JudgeRudy · 07/04/2023 18:47

'Had DH said from the outset "I want you to have a pony but only if I can spend the equivalent p/m on a car", I would absolutely have refused as I know we can't afford it without big family"

It sounds as if you're laying the 'blame' for buying the pony firmly at your husbands feet OP. Don't forget at the time he had a mentally ill wife and young children. You tried to take your life. He did what he had to do to save his family. Im not sure i could have done the same. I doubt he was in a great place either.
How long have you had the pony? Maybe 1, 2, 3 years down the line he feels able to 'breath' at last rather than thinking 'family first' all the time. He may not be suicidal but he could be pretty down and just generally dissatisfied with life. He's saying it's his turn now. He's not asking you to get rid of your pony, he's asking if the family can pull together so he has something meaningful in his life too. I would imagine when you were unwell he sacrificed a lot more than the £500pcm. How about agreeing a date, not now but tangibly close...one decent family holiday and Xmas first then it's his turn.

Riapia · 07/04/2023 18:48

Jealousy is a very unattractive trait in a man.
LTB.

LostCroissant · 07/04/2023 18:48

CleaningOutMyCloset · 07/04/2023 18:36

I'm a horse lover and my dd has a pony who we love, but you're right it's expensive.

I do agree with your dh, if you have a horse costing approx £500 a month, then he should also have to option of spending £500 a month on something that also gives him joy. You do get to a stage with dc when you don't have to be sensible with cars any longer, and if you're a car person then it's a magical time.

Why should your dh give up his luxury so you can all go on holiday? I know your luxury helps with your mh, but I'm sure there are other things out there you could do that result in an improved mh.
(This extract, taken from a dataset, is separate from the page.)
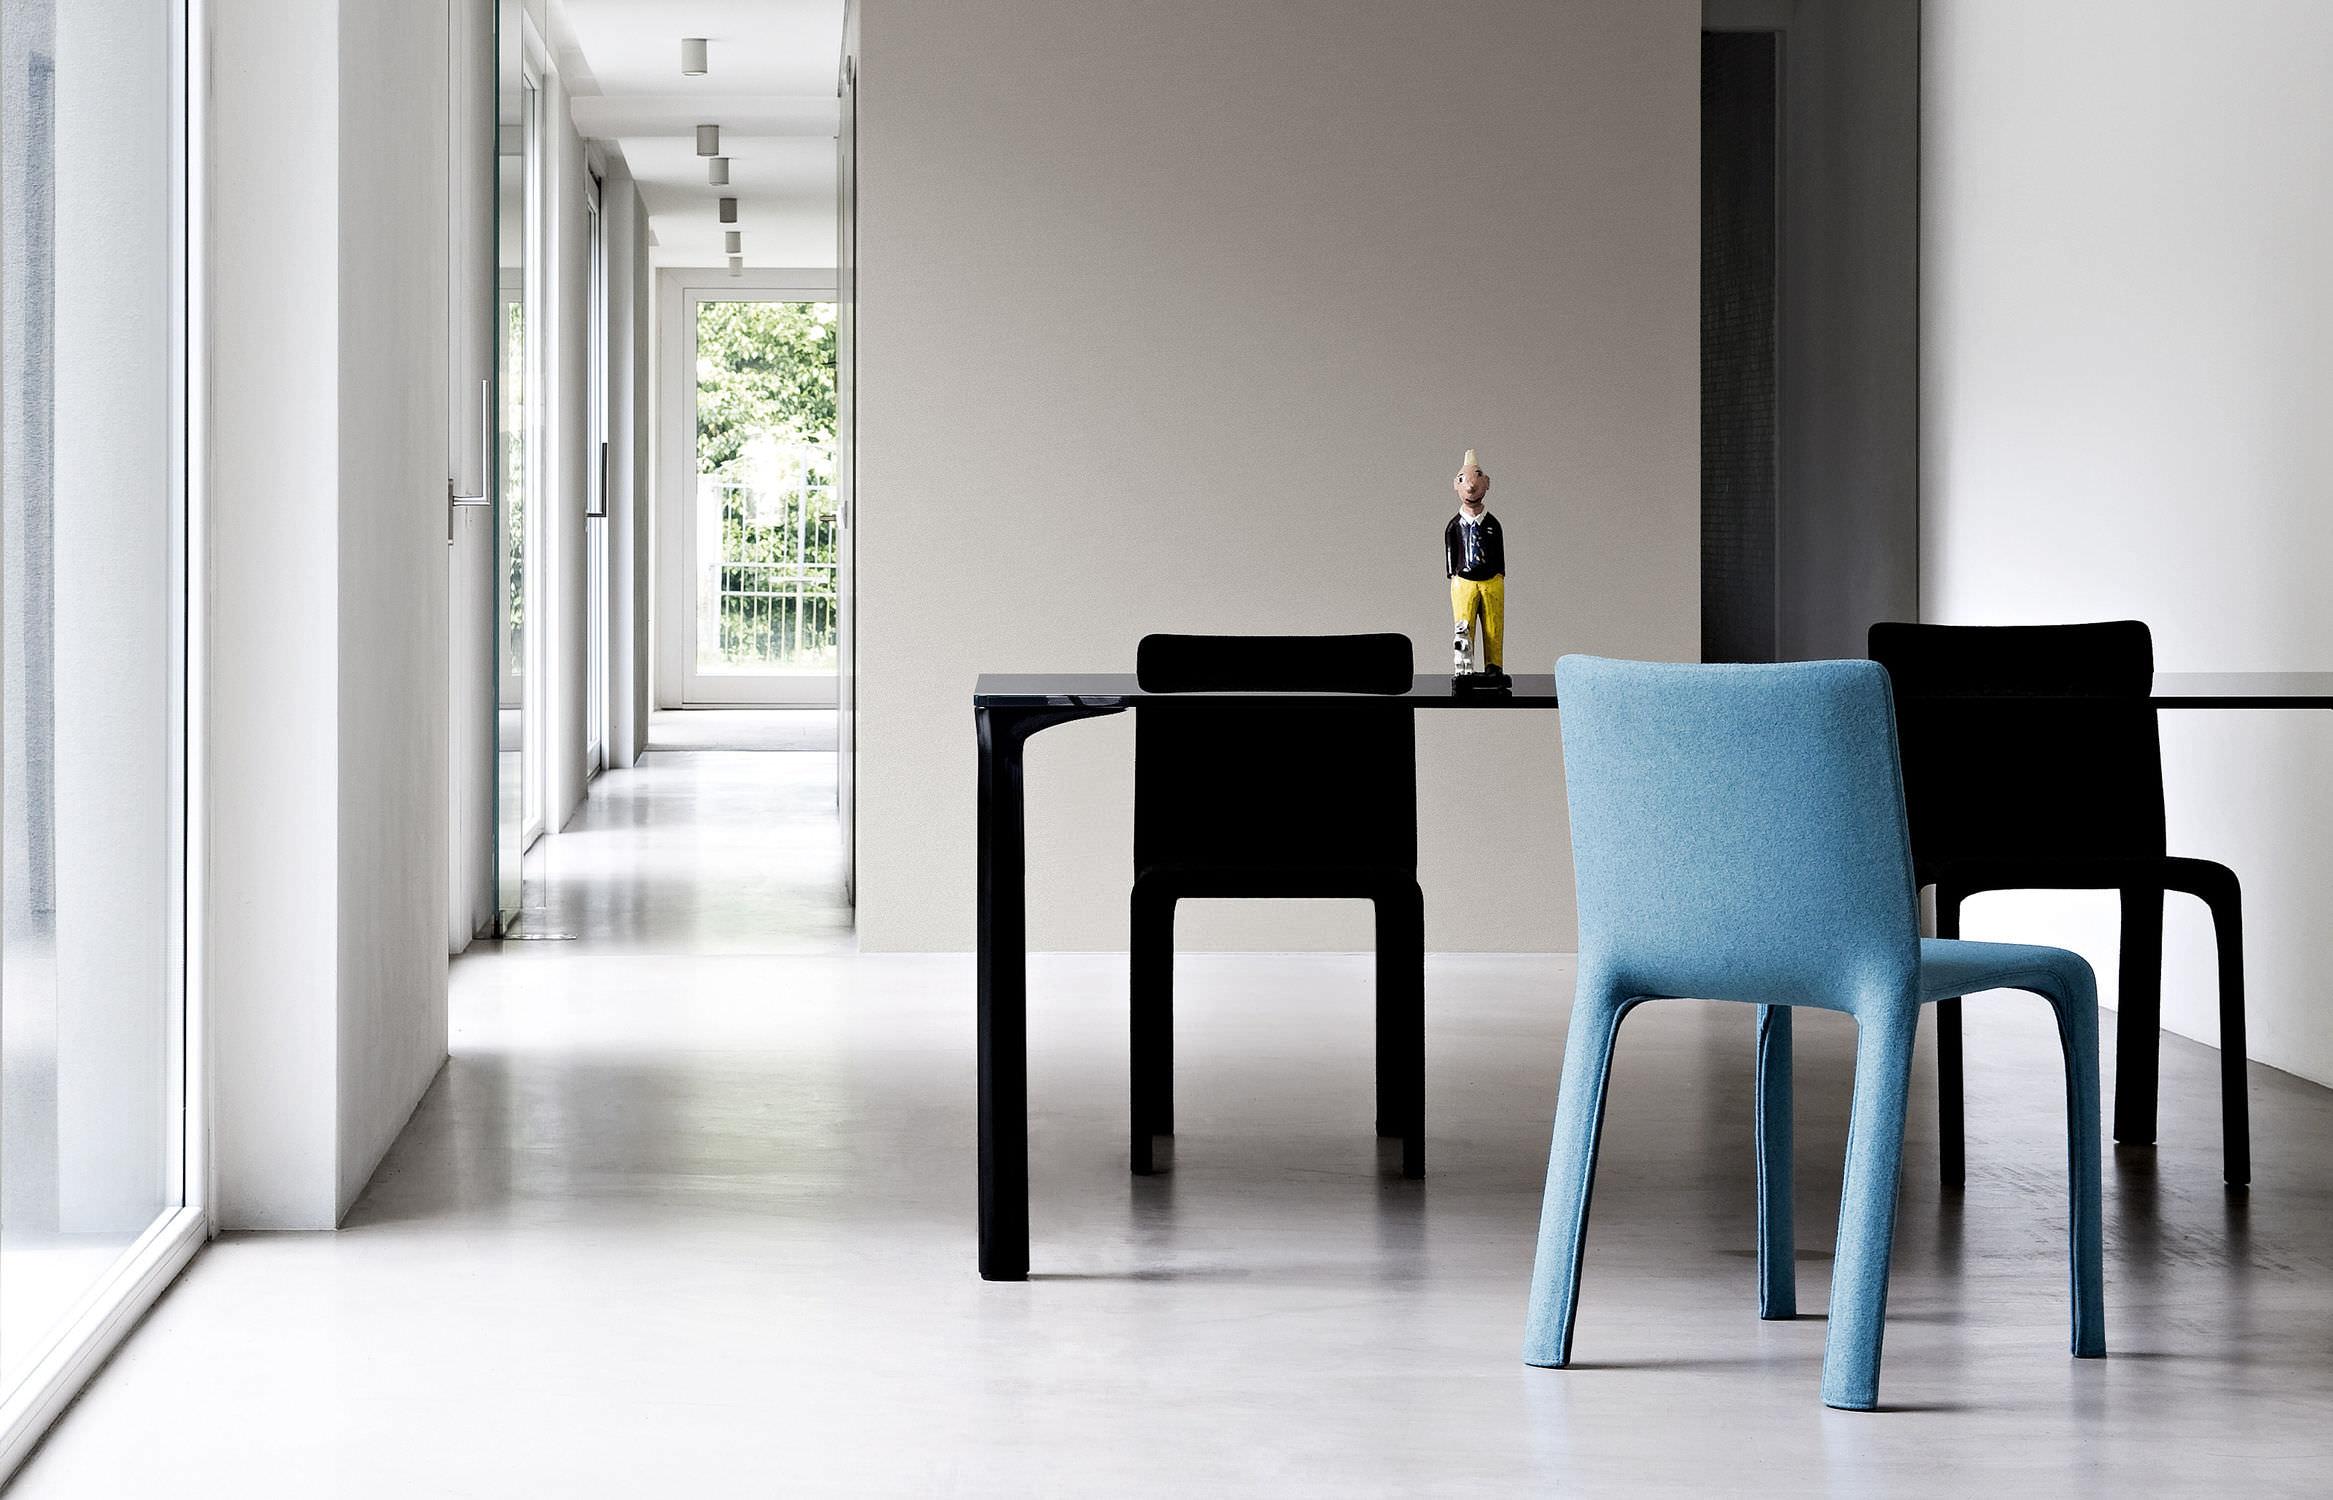 Sedia Imbottita Design : Sedia moderna imbottita con braccioli in tessuto joko by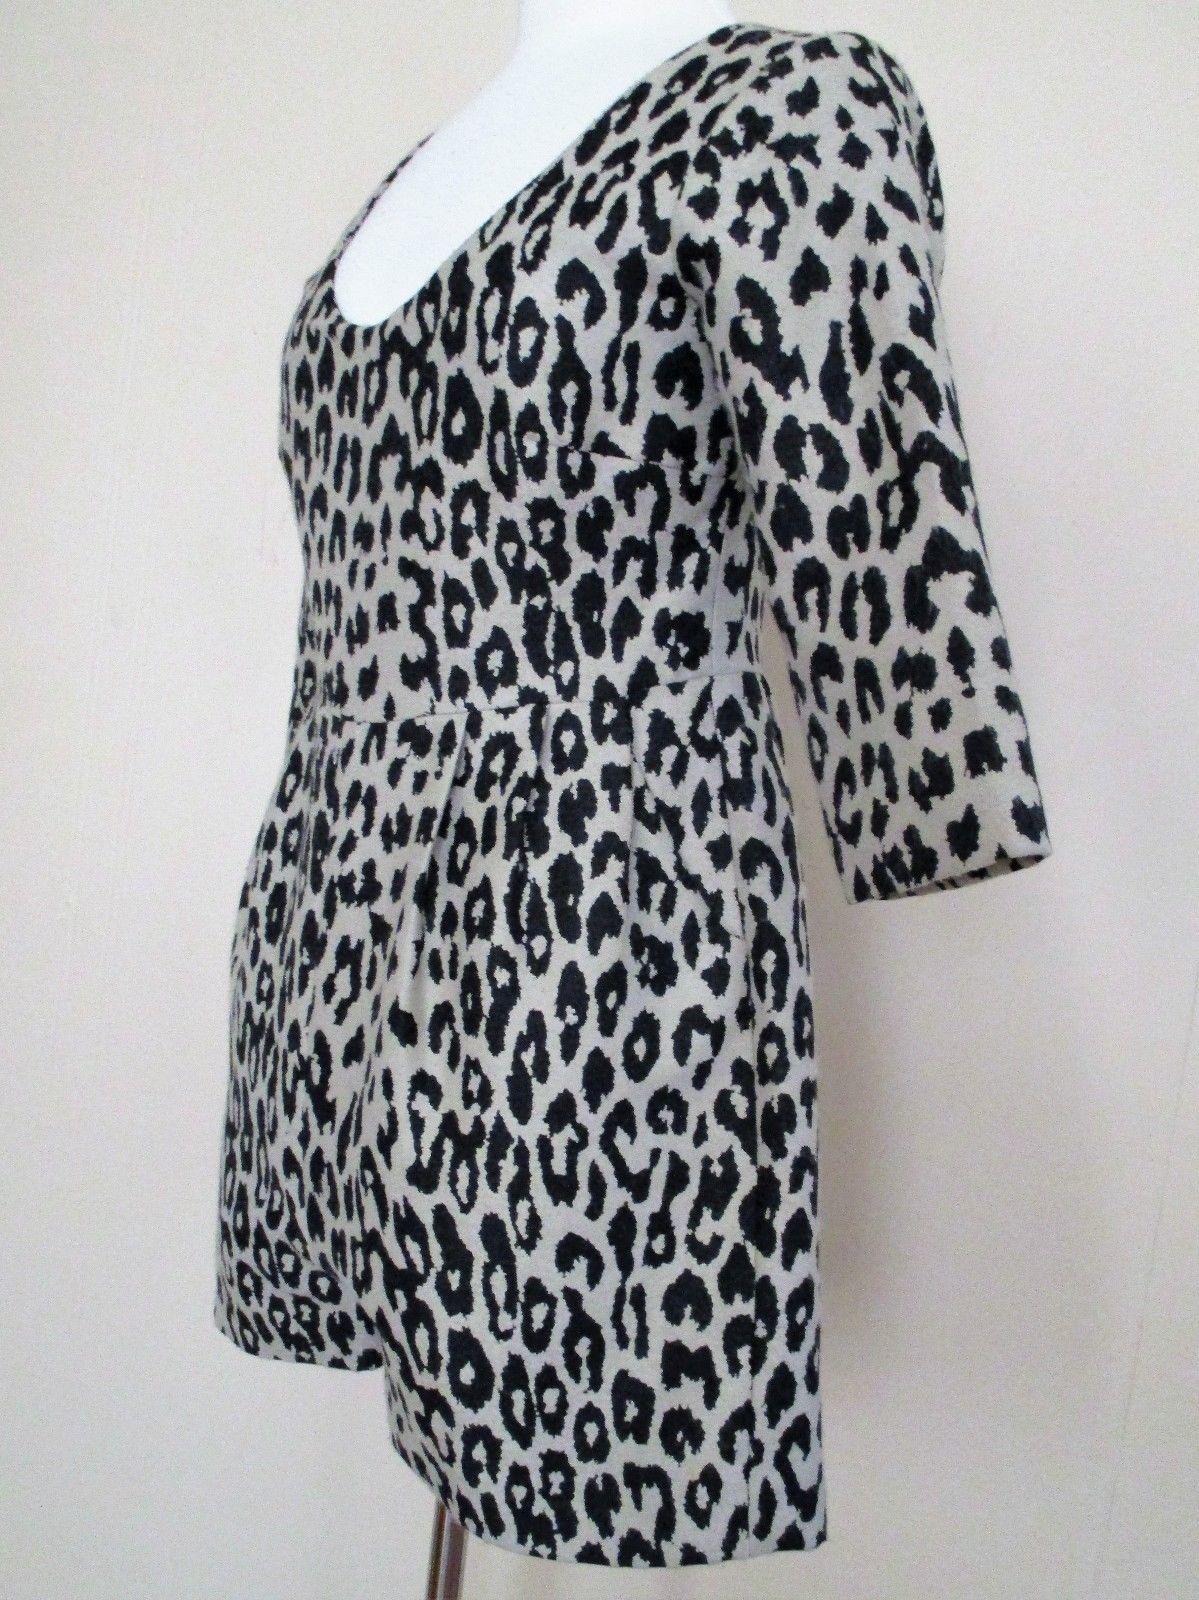 Loeffler Randall Romper Small Women leopard print wool blend 3/4 sleeve

I think that if you both want a luxury then you'll both have to accept it's a static caravan in Skegness rather than 2 weeks all inclusive in the Maldives

To be clear- it's not me insisting on the holidays. DH wants these. He would absolutely not be happy with a static caravan in Skegness!

OP posts:
MarshaBradyo · 07/04/2023 18:50

Riapia · 07/04/2023 18:48

Jealousy is a very unattractive trait in a man.
LTB.

Really? Can the op afford a pony then

LostCroissant · 07/04/2023 18:50

LammasEve · 07/04/2023 18:46

I'm intrigued how it costs £500 a month to keep one pony when my two horses barely cost £300 between them! And no, I don't own land, I have to rent.

However you're right in that horse ownership is a way of life, not an expensive hobby (an expensive way of life!). It's not the same as a sports car, it's a living animal that you can't put away for a few weeks when you get bored. And the benefits to physical and mental health can't be underestimated in my opinion.

Could you reduce the costs of keeping the pony, on the understanding that if he gets the car he has to keep the costs to the same as you're paying?

I've been known to do 2 or 3 jobs, 50+ hours a week, to pay for my horses when I was in a job with shit pay so I'm probably a bad example to follow!

I've answered lots of people re: costs and think it can be seen on the Tack Room how much cost of keep varies regionally. Where we are, my pony costs are ridiculously cheap.

I already work ridiculously long hours a week so I'm definitely not freeloading!

OP posts:
FloydPepper · 07/04/2023 18:51

LostCroissant · 07/04/2023 18:32

Ahh...debt. We both agree we prefer to avoid that, other than the mortgage, having worked very hard to pay off all the debt that DH came to this relationship with.

In that case I’m not sure what the 500 a month he’s proposing is for? Either you invest the lump sum to buy one (and tbf depreciation will likely be minimal) and only have ongoing costs (200 maybe), or you’re using the 500 to loan, lease, pcp?